Since the 1990s, however, many archaeological studies have reevaluated the culture in this area and started to emphasize the active role of the indigenous people in the Lelang Commandery. While these studies do not deny the presence of Chinese cultural elements in the relics excavated from this area, they highlight the mixture of Chinese and indigenous cultures as the result of the indigenous people’s active importation and adaptation of the former. For example, Pai Hyung Il analyzed the archaeological data from the Lelang Commandery area, proposing that the indigenous people participated in and eventually evolved their culture through ‘acculturation’ with Han Chinese culture, developing a distinct cultural group separate from those of mainland China or other surrounding regions.61
In a related study, Oh Yŏngch’an focused on historical records concerning the ethnic identity of the people in the commandery. He concluded that the inhabitants developed an identity as “Lelang people (Naknangin, 樂浪人),” signifying the formation of a distinct ethnic identity following the establishment of the Lelang Commandery and the subsequent influx of Chinese culture.62
More recently, Andrea de Benedittis interpreted the cultural development in this area after the establishment of the commandery as a process of ‘hybridization’ of the local culture. He suggested that indigenous people actively accepted Chinese culture, while the migratory flow of people from China led to a ‘remodeling’ of local culture. He viewed this process as an opportunity for the indigenous people within their new geopolitical context, while still maintaining their original culture and values to a certain extent.63
If we consider the perspectives of these studies, the question arises whether a similar process occurred in Okchŏ. However, simply applying any of these theories would not be an appropriate method for understanding the cultural changes in this area, as these changes were too complex to be reduced to a specific formula.64 Moreover, this region, covering present-day Hamhŭng to Anbyŏn, was relatively isolated, and far less archaeological research has been conducted there compared with other locations. The quantity of burial items of Chinese origin naturally declines with increasing distance from Pyŏngyang, making it difficult to confirm the level of Han Chinese cultural influence.

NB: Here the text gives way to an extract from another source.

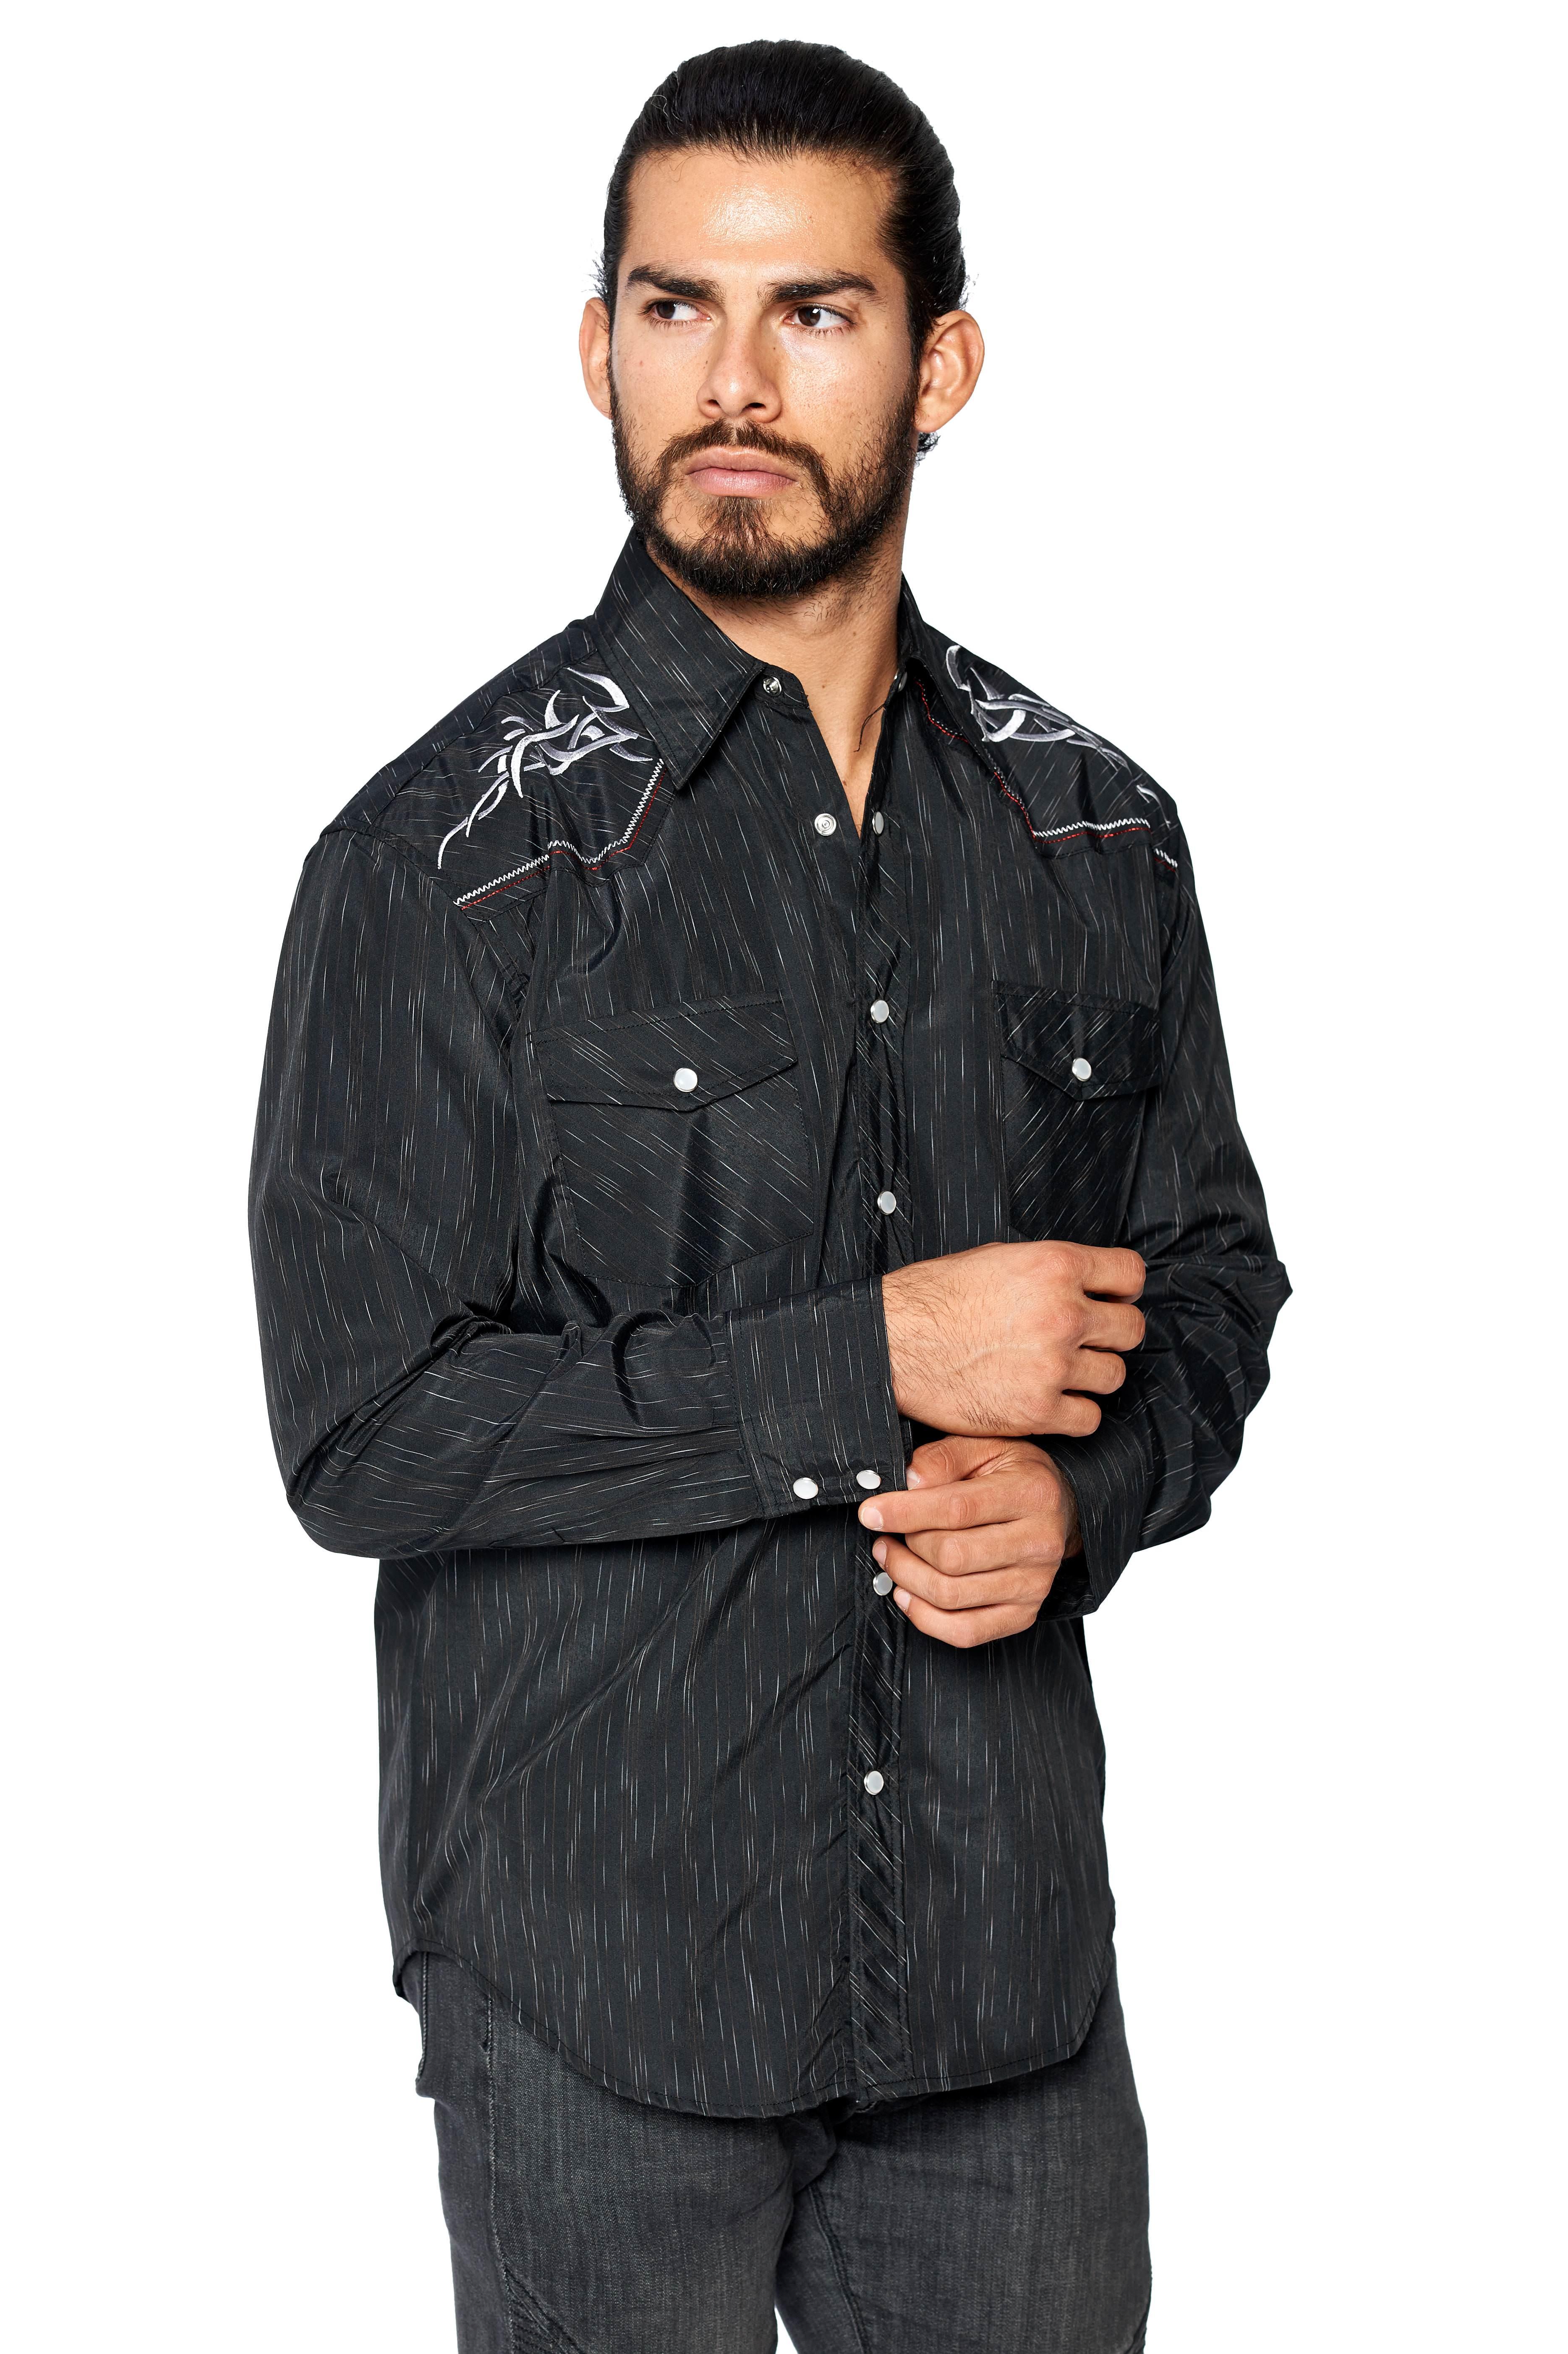 LW-Men-039-s-Pearl-Snap-Tribal-Stylish-Printed-Woven-Western-Vaquero-Rodeo-Shirt thumbnail 76

Nevertheless, it may still be possible to verify the Chinese cultural elements from the commandery in this area that influenced the indigenous people to the extent of altering their political or even ethnic identity. Various sites identified by Japanese and North Korean excavation teams up to the 1970s revealed direct contact between Han Chinese culture and the indigenous people. In this region, many “bronze slim daggers (細形銅劍)” were excavated, primarily in the Hamhŭng and Kŭmya areas. These regions, also known as the ‘Yŏngdong area,’ are notable for archaeological sites with an exceptional number of bronze daggers. Many archaeologists, from early 20th-century Japanese scholars to subsequent Western scholars, agree that these daggers were prestigious and religious artifacts used by local leaders with a certain connection to the Old Chosŏn.65
However, many relics of Han Chinese culture have also been excavated in the same area. Curiously, these Chinese relics often appear sequentially after the bronze daggers, suggesting that the culture of the local elites in this region either coexisted with or was replaced by Chinese culture. Yi Hyŏnhye suggested that the coexistence of the bronze daggers and iron weapons from Chinese culture represent the ruling class’s cultural shift in this region. These materials are understood to be evidence that the indigenous groups, who originally had a culture centered on bronze daggers, later accepted Chinese culture through the influence of the Lelang Commandery.66
Another example of this phenomenon is the Sorari Fortress in Kŭmya-gun, which was supposedly used as a county’s administrative office. The shape of the walls, distinct from the typical Chinese fortress, i.e., usually square, indicates indigenous construction. Archaeologists believe that this fortress was built by local indigenous people before the counties of the Lelang Commandery were established, and that it served as a base for the ruling group in the area. After the Lelang Commandery was established in 108 BC, a county, presumably Pulnae or Hwaryŏ, reused the fortress as a base for the county’s administrative offices.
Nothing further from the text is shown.